I was going to say backward places like Mayo and Sligo. But we have tried to do it. I do not know that the other side tried to do it at all. Honestly I have not seen any serious case put up to prove that supporters of Fianna Fáil have been denied appointments when they were the best men. I am not prepared to believe that civil servants, who are aloof from politics, who are not directly concerned in politics, would allow the politics of an applicant to bias them. Therefore, I believe this Bill is a backward step, and that the machinery which has been set up by the Local Appointments Commission—though it may have worked badly in certain instances, and very possibly it may have, because it is new machinery, and all new machinery is liable to make mistakes—is moving in the right direction, away from the local pull and the local influence, in the direction of getting the best man for the job, wherever he comes from, provided his qualifications are right; is moving in the direction of a service similar to the Civil Service, where the man who makes good may count on promotion, where a man need not stay in his own county where he has the local pull, because if he is efficient he will be able to reach to the highest posts.
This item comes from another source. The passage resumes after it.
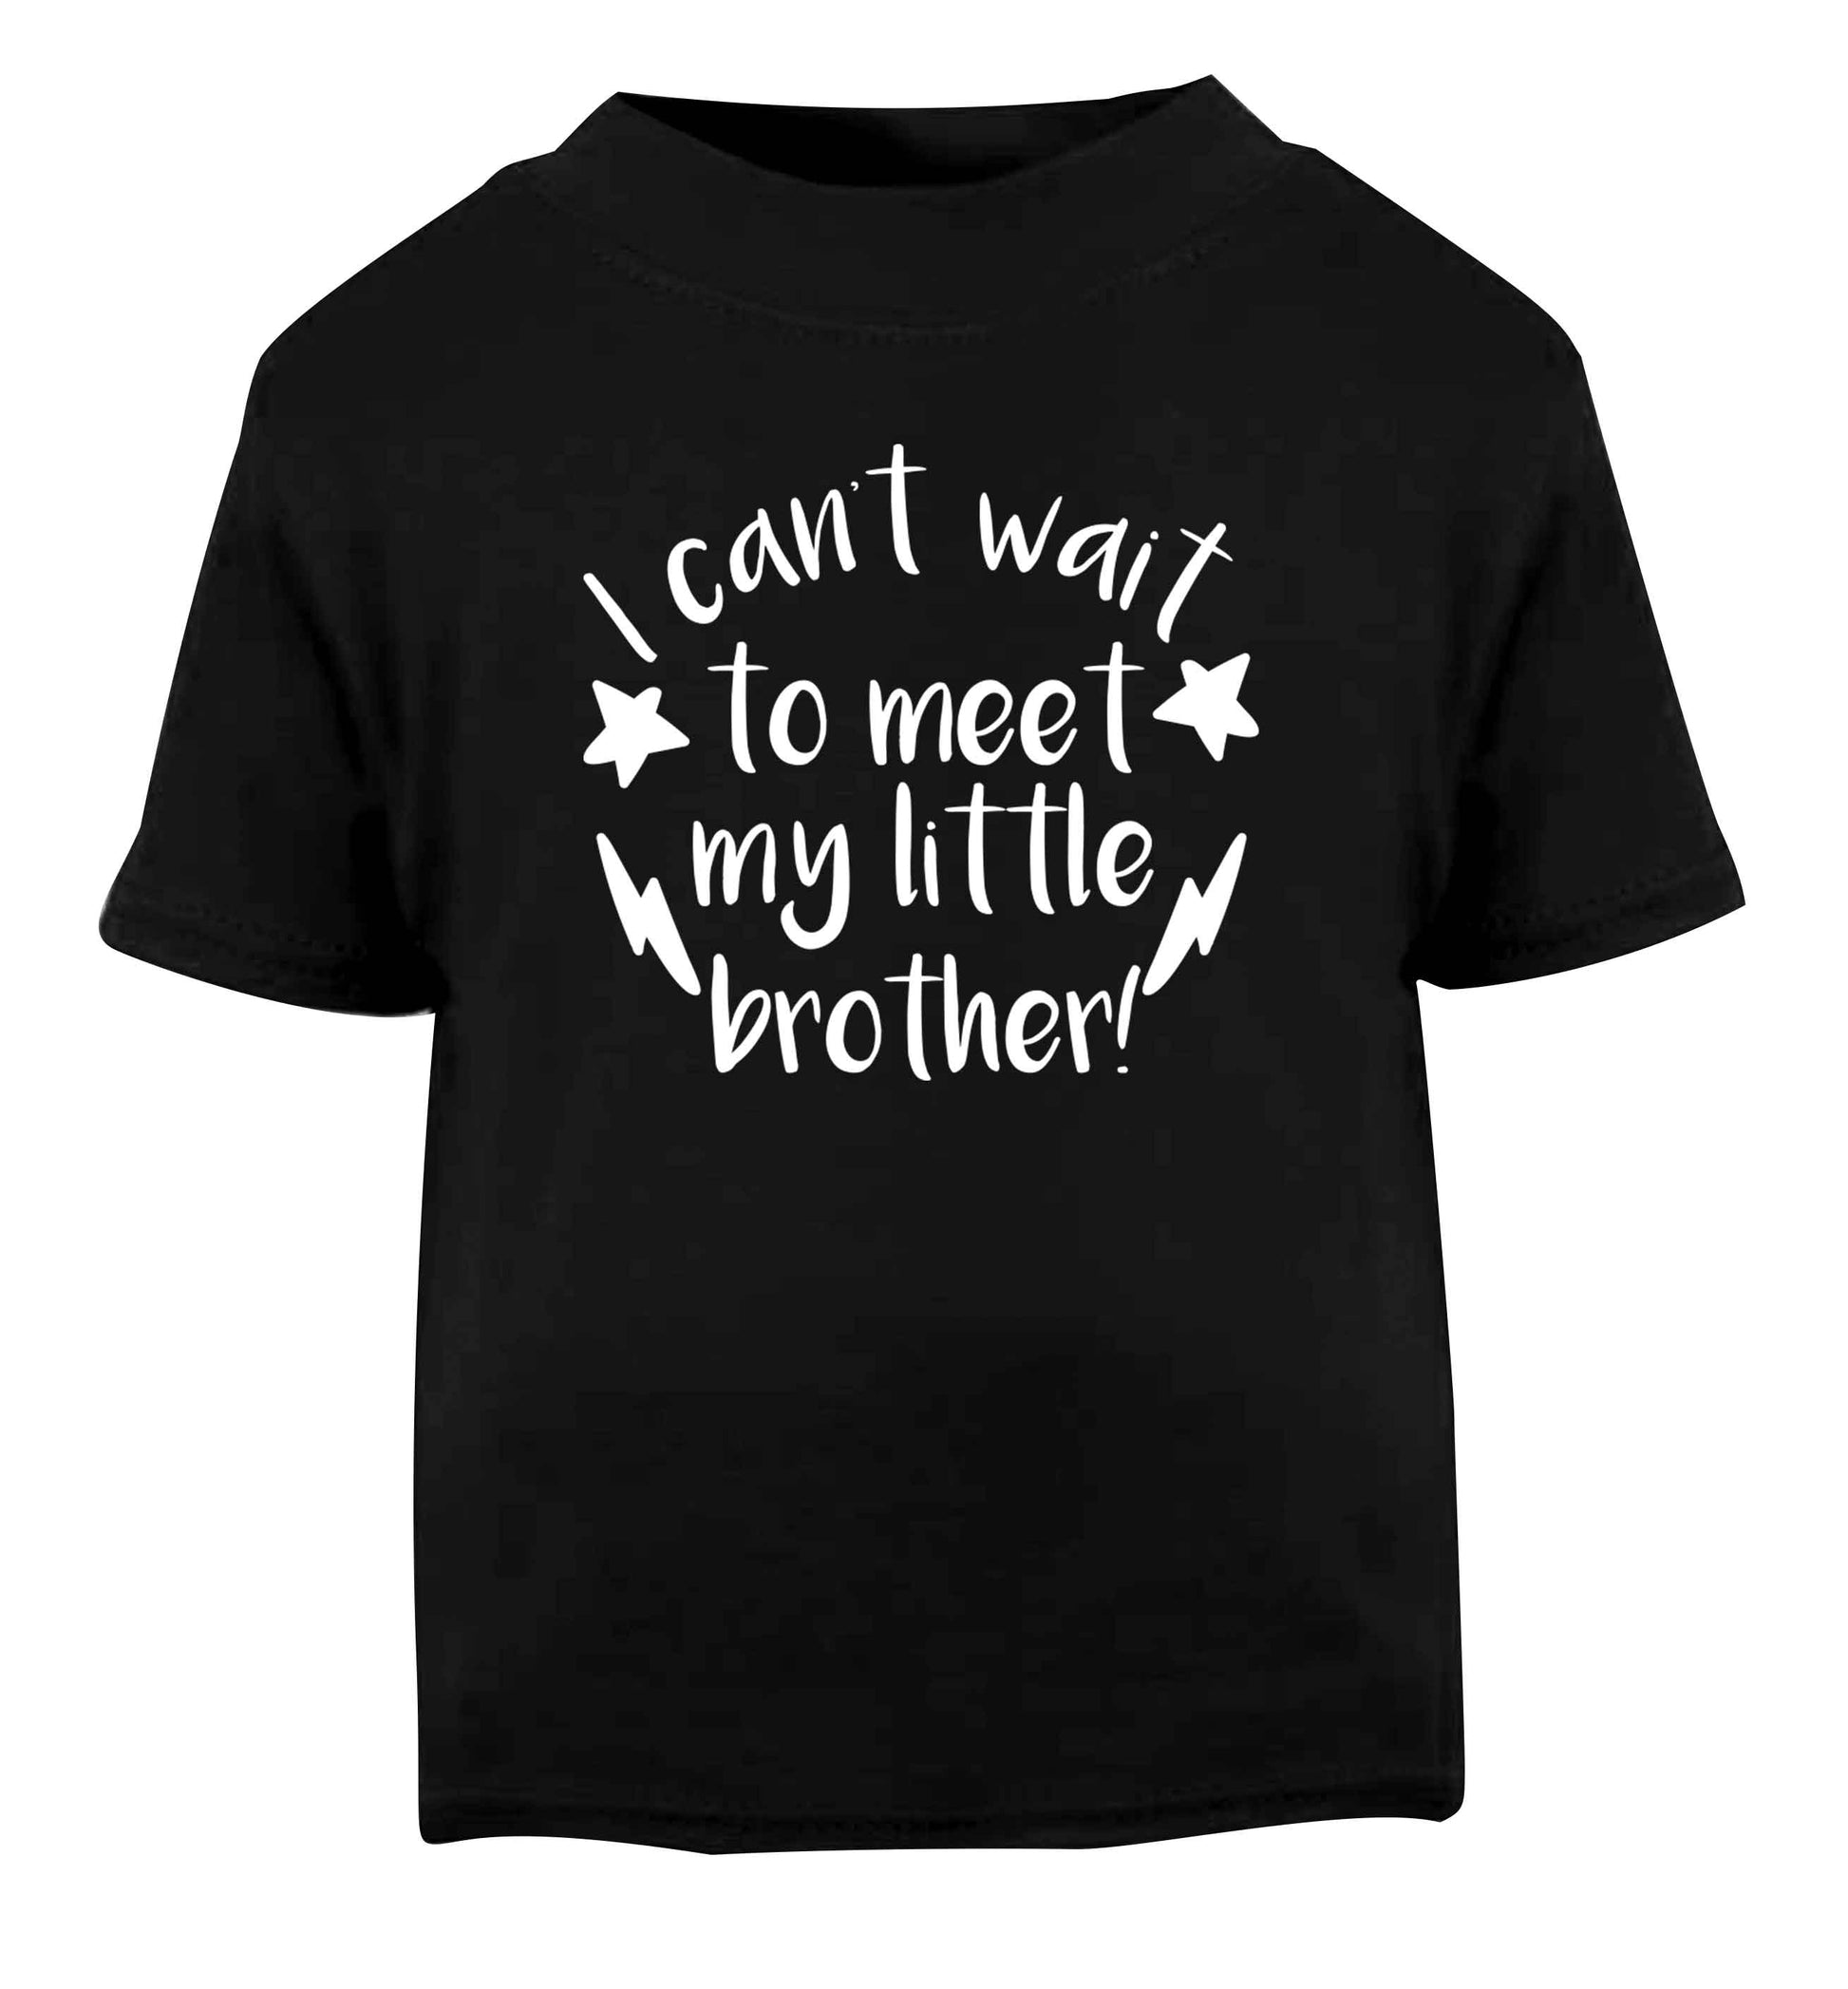 I can't wait to meet my sister! Black Baby Toddler Tshirt 2 years

For that reason I oppose the Second Reading.

As a member of the old and very much-abused Guardians, I speak with a little authority. I have nothing to say about my fellow-members of these good old days. I can only speak for myself, but I believe that the proper judges of professional men would be professional men of that particular profession. I would not be a judge of a doctor, although there is one that I believe is the best doctor in the world—the man that cut me open and cured me. You would be rid of me only for him. I happened to be in seven or eight doctors' elections, and I need not say that during these times I was neither dry nor hungry.

A DEPUTY

Up Cork!

Up Cork, every time. A thirty-first cousin of the doctor knew me—a fellow that never spoke to me before. I say this without any reflection upon my old brethren, the old guardians, because I believe they were honourable men, being an honourable man myself. I voted for a cousin at one of these elections, at one time, because he was the best man. His wife told me, anyhow, that he was the best man, and as it so happened, he was the best man and gave great satisfaction; no doubt about it. I remember a few weeks ago listening to my friend Deputy Lemass making the charge against the Local Appointments Commissioners and against the Cumann na nGaedheal Party in general that a Free State Army doctor was bound to get a position. I can flatly contradict that. I know of a case in which two Free State Army doctors went for a position of dispensary doctor in my own district, and the doctor who was not a Free State Army doctor—a decent man—secured it, and the two Free State Army doctors were turned down. So much for the Local Appointments Commission. The Government has nothing to do with the selection. I can be corroborated by another member in this House when I state that a Cumann na nGaedheal doctor—whether Cumann na nGaedheal was an addition to his professional ability or not, I do not know—was appointed by a Cumann na nGaedheal Board, the Local Government Department would not accept him. There were two names sent to the Local Appointments Commission, and they appointed another man who was not Cumann na nGaedheal. I think that ought to nail Deputy Lemass's charge against the Government. If you send down three names to any of the Boards of Health——

Are we dealing with nailers or doctors?

It being now half-past ten, the debate stands adjourned. Deputy Alfred Byrne has given notice to raise a matter on the adjournment, but has agreed to postpone it till to-morrow.

The Dáil rose at 10.30 p.m. and adjourned till to-morrow, Thursday, at 3 p.m.